Edited on Mon Jun-08-09 04:30 PM by gorfle
Didn't the Confederacy deem itself warranted? The secessionists thought it was.

I did not claim otherwise. Just because a rebellion is deemed warranted does not mean it will succeed. Quite clearly, not all rebellions succeed. This does not mean, however, that no rebellions can succeed, which is what you are claiming.

And why did it fail?

A better armed force and industrial capacity harnassed in the name of the majority.


True enough. This does not mean that all better armed forces with industrial capacity will win in a rebellion.

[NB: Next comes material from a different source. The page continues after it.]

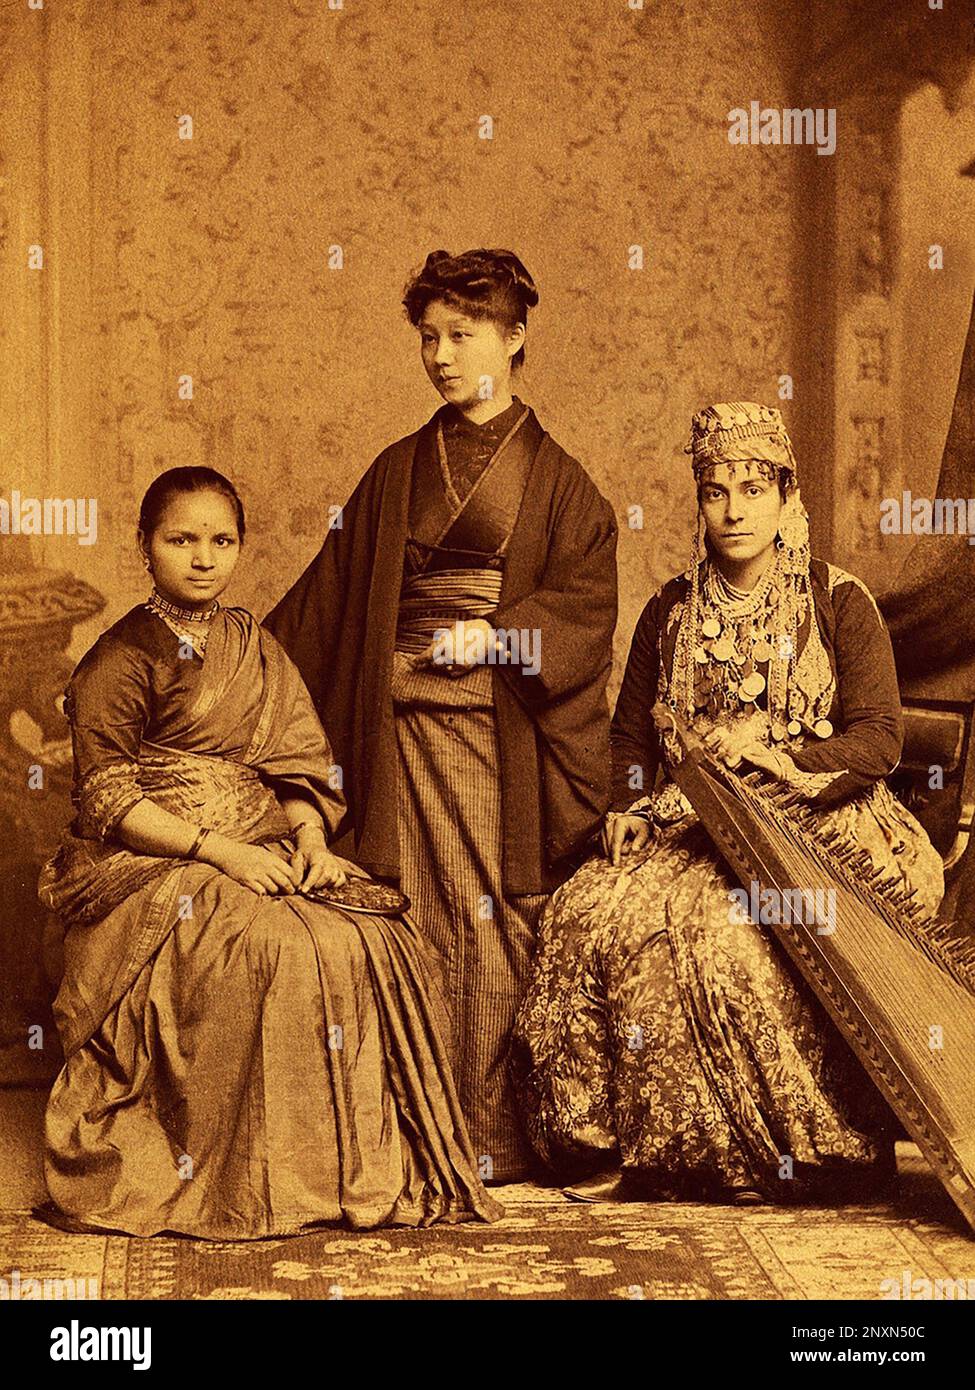 Ärzte Anandibai Joshee (links) aus Indien, Kei Okami (Mitte) aus Japan und Sabat M. Islambouli (rechts) aus Ottoman Syrien, am Women's Medical College of Pennsylvania. Alle drei waren die ersten Frauen aus ihren jeweiligen Ländern, die einen Abschluss in westlicher Medizin an einer westlichen Universität erhielten. Foto vom 10. Oktober 1885./n Stockfoto

Witness Vietnam, Afghanistan, and Iraq.

What is the scenario in which a better armed force and industrial capacity somehow gets harnassed in the name of an oppressing minority?

How is it even possible?


Witness Vietnam, Afghanistan, and Iraq.

I'm not sure what the majority/minority thing has to do with anything. Whether in the minority or majority, an oppressed people have the right to overthrow their oppressors by any means necessary.

No, the rebels will always be a struggling rejectionist minority hoping to disobey lawful authority and prevail despite their narrow grievances or sectarian goals.

Was this the case in the American Revolution?

There is no need to learn the same lesson again. The American Civil War teaches us that armed rebellion is not a right at all, and must be renounced unequivocally.

So you believe, then, that there will never come a time where armed rebellion is necessary in the United States or any of the current first world countries?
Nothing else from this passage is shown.